Left Bank: Art, Passion and the Rebirth of Paris 1940-1950 by Agnes Poirier is published by Bloomsbury (£25)
When, at the end of five years of Nazi occupation, the Vichy French leader, Marshal Philippe Pètain came to trial, France’s Jewish former Prime Minister Lèon Blum called for the death penalty. “Treason,” he wrote, “is the act of selling out”, which so many had done. Terrified by the brutal onslaught of the German army, a high proportion of the French population had shrunk into collaboration during the occupation.
By contrast, the writers and artists of the Left Bank, united in the Comité des Écrivains resistance grouping, defied the iron grip of their conquerors. The Gestapo executed its leader, Jacques Décour in May 1942 but Édith Thomas, a novelist, took over the running of the organisation — whose members included such names as Albert Camus and Jean-Paul Sartre — from her flat in the 5th arrondissement. Many “disappeared”, the only evidence of which would typically be two chairs and German cigarette butts on the floor in an empty flat.
“There never were any traitors among us,” Édith Thomas recorded. Just as well. Secrecy was vital. In special danger as Jews, some young artists hid in plain sight — set designer Alexandre Trauner and composer Joseph Kosma worked under pseudonyms for the film director Marcel Carné.
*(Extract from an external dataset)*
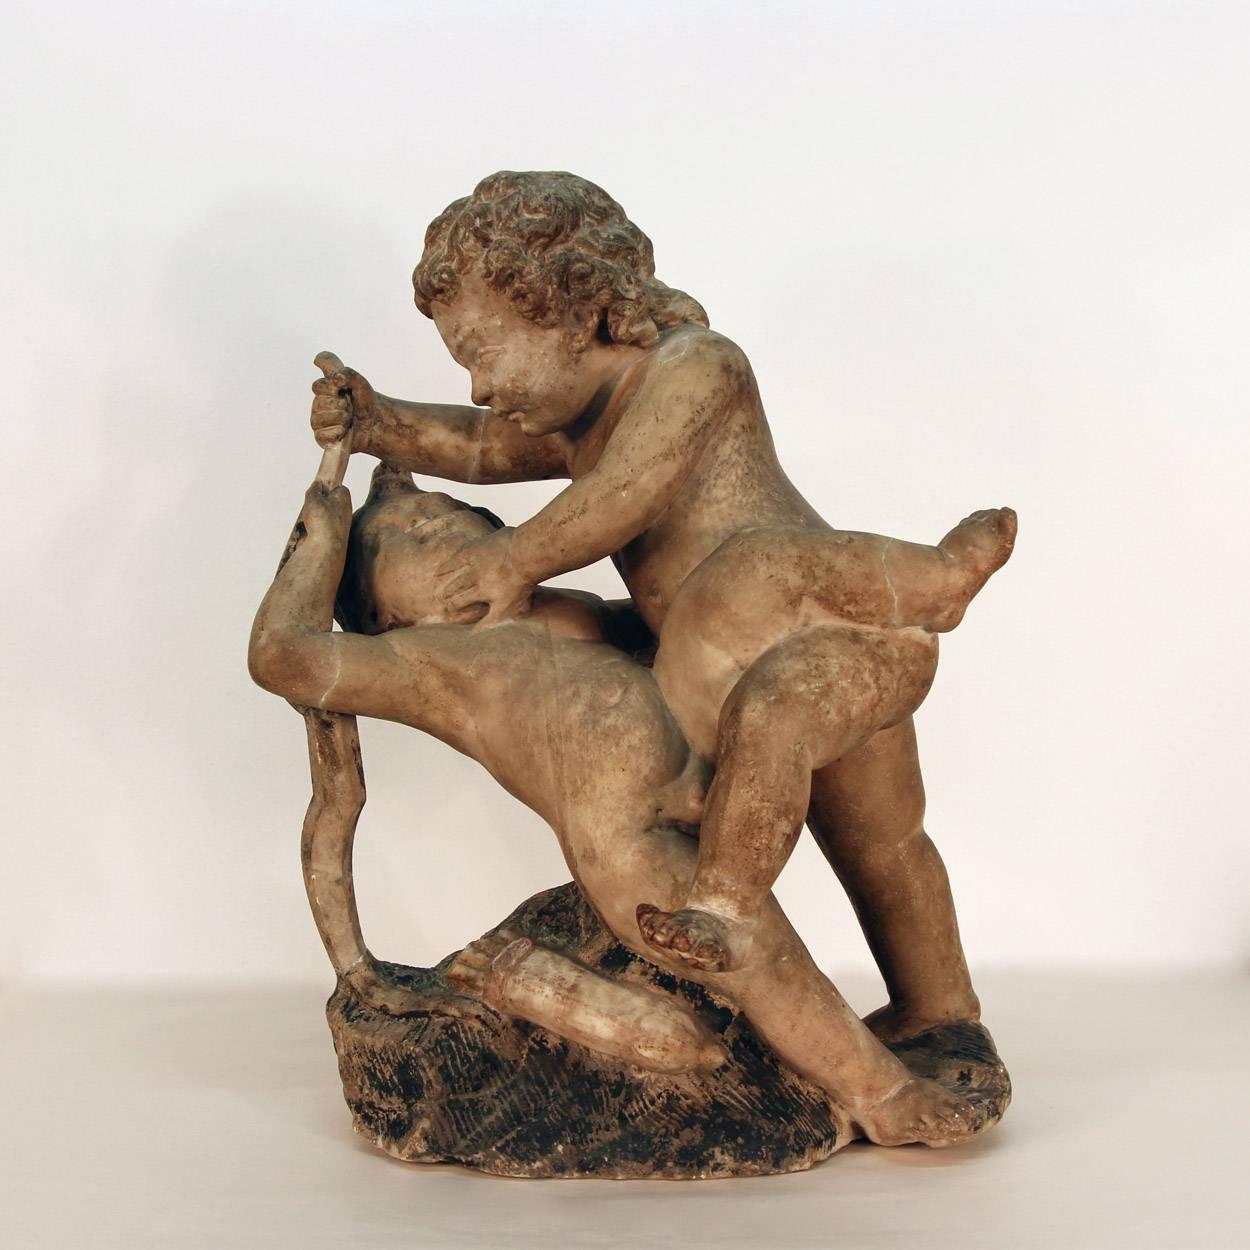 A circa 1600s sculpture of putti intertwined while at play. All hand-carved by a master artist with life like natural expressions on the cupids faces much like the examples of similar sculptures in Renaissance art.

Bizarrely, the RAF even air-dropped copies of verse by Left Bank poet Paul Éluard: “On the steps of death I write your name” it read, “I was born to know you, To name you, Liberty”.
Meanwhile, novelist Colette hid her young Jewish husband and the emerging actress Simone Signoret her Jewish heritage. Sartre and Simone de Beauvoir pressed on with their magazine, Les Temps Modernes. Résistants Arthur Koestler, Albert Camus, Marguerite Duras and her circle at 5 rue St Benoit were all members of the Communist party and, by the time of liberation, they were riding high in esteem.
But then, Koestler’s best-selling book, Darkness at Noon, revealing the brutality of Stalin’s regime, swung the 1946 referendum away from the Communists, 52 per cent of voters handing the task of ruling France to the Social Democrats.
Act Two of Agnes Poirier's densely researched book switches on the post-war lights. The Left Bank survived as gloriously creative as ever — in contrast to the London that Arthur Koestler described as a “grey sick wilderness”.
Café Flore —where Picasso drank every evening — attracted artists from across the world. Aspiring writers came from the USA on a wave of education grants. Ernest Hemingway arrived on a tank at the liberation, “jumped down outside his old girlfriend’s house and shouted her name. She and her sister ran out”.
Norman Mailer and his young wife Bea fell for the Left Bank, and Mailer wrote The Naked and the Dead from his flat in St Germaine-des-Près. Art Buchwald (determined to wangle his way into a job as New York Herald Tribune correspondent) and Lionel Abel took up bohemian life — with young mistresses.
Saul Bellow hated Paris on arrival. He installed his young family on the Right Bank. But, with a working studio on the Left Bank, he soon acquired a 21-year-old blonde lover from an elite bourgeois family.
The louche and relaxed, jazzy lifestyle was a sexual playground for both sexes. As the hard right tightened its grip on America, black musicians like Miles Davis and Dizzy Gillespie found acceptance and celebration in the café culture and jazz bars.
Loaded with references, intense in scholarship, Poirier’s book tells all in dramatic detail. It would fit any bookshelf.